We also filmed players’ gameplays, divided the video recordings and tagged them as active and rest (inactive) to an accuracy of 1 s, based on Table 2, using a video edit software (Movie Edit Pro, Magix AG, Germany). We marked the beginning and end of each movement, and the duration of each action was measured, to calculate total playing time (TPT), effective playing time (EPT), resting time (RT) and effort to rest ratio (E:R).

Table 2 Coding front crawl technique during swimming exergame for notational analysis.

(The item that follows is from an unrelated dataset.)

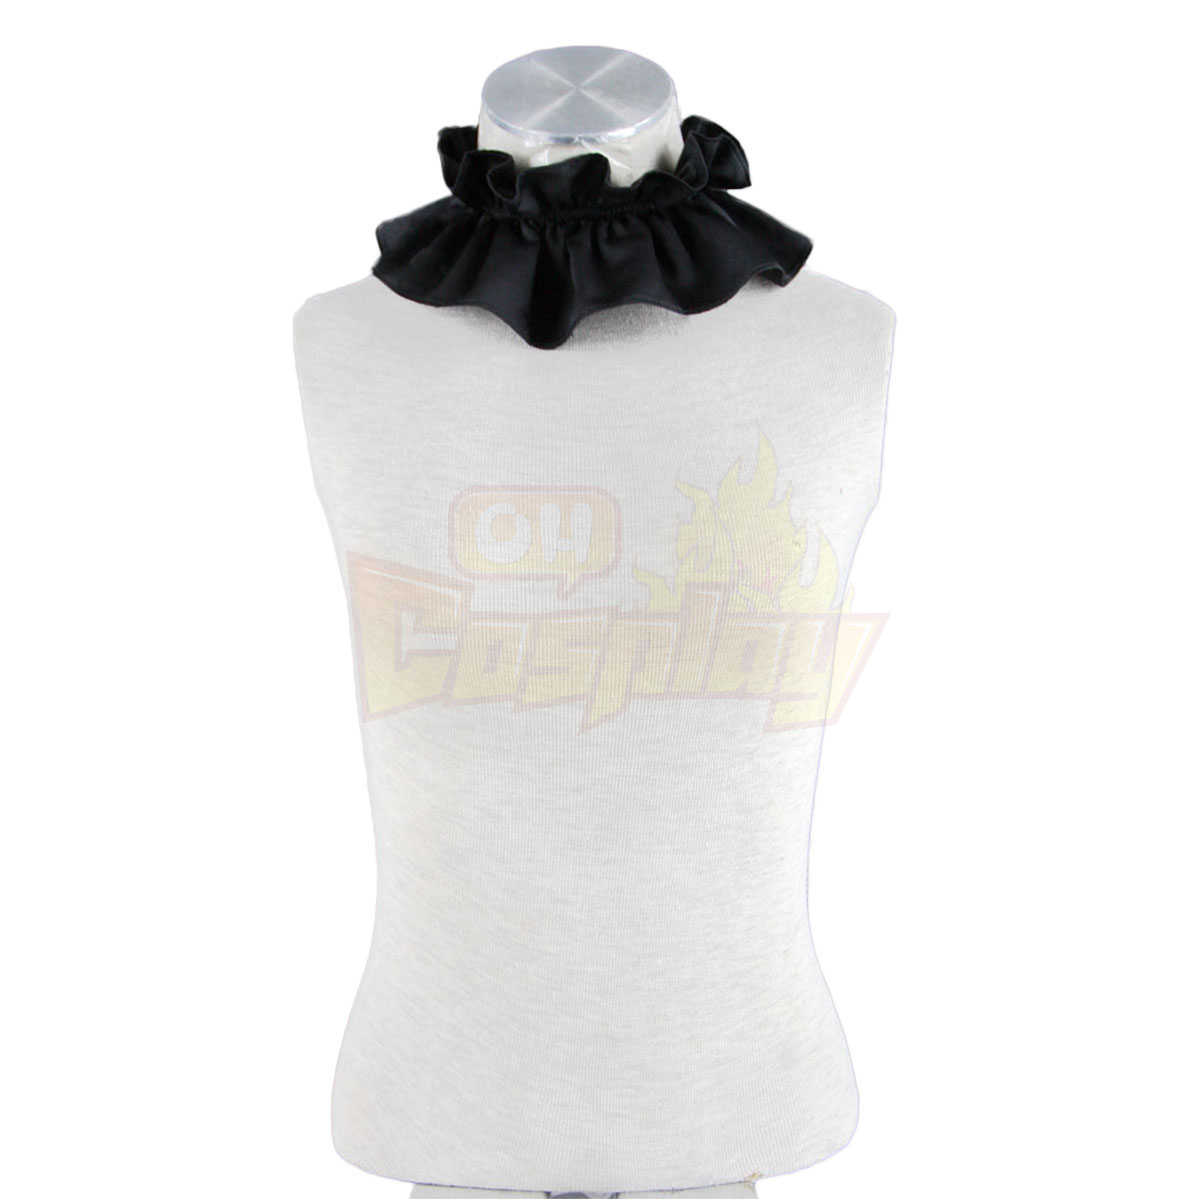 Deluxe Lolita Culture Neckerchief Bustle Middle Dresses Cosplay Costumes

We reported descriptive statistics for all variables and checked the normality using Shapiro-Wilk. We used a one-way analysis of variance (ANOVA) to compare physiological and temporal parameters during each event and within performing groups. In the case of violation of homogeneity of variance, we utilised alternative non-parametric statistics of Kruskal-Wallis H. We also used a three-way ANOVA to determine the effect between three performing groups and their interaction effect on BLa, EE, HR and RPE. We utilised SPSS 23 (Chicago, IL) and set the significance level to p < 0.05. To assess the practical significance of the findings, we computed an effect size for each analysis using the eta-squared statistics (η²). We also established the reproducibility of the time-motion analysis using Lin’s Concordance Coefficient28. Two participants were randomly chosen and analysed twice by the same researcher, and the technical error of measurement (TEM) for intra-evaluator test-retest was measured for the performance variables (rest and activity)29. To avoid retention of knowledge of the content, the retest analysis was conducted one month after the initial testing. TEM accuracy estimations are shown as 95% confidence limits using Equation 2 30.

$${\rm{Absolute}}\,{\rm{TEM}}=\sqrt{\frac{{\sum }^{}{{\rm{d}}}^{2}}{2{\rm{n}}}}$$
(2)

where: d is the deviations between the two measurements and n is the number of deviations. We then transformed the absolute TEM into relative TEM, to express the error in percentages, using Equation 3 31, where: VAV is the variable average value (expressed as the sum of the two measurements divided by two).

$${\rm{Relative}}\,{\rm{TEM}}=\frac{{\rm{TEM}}}{{\rm{VAV}}}\times 100$$
(3)

Practical implications

  • Experienced exergame players are less active than novice players.

  • Both aerobic and aerobic energy systems should be used in energy expenditure measurement of exergaming.

  • Short-term increase in physiological measures in exergames might happen because of unfamiliarity of players.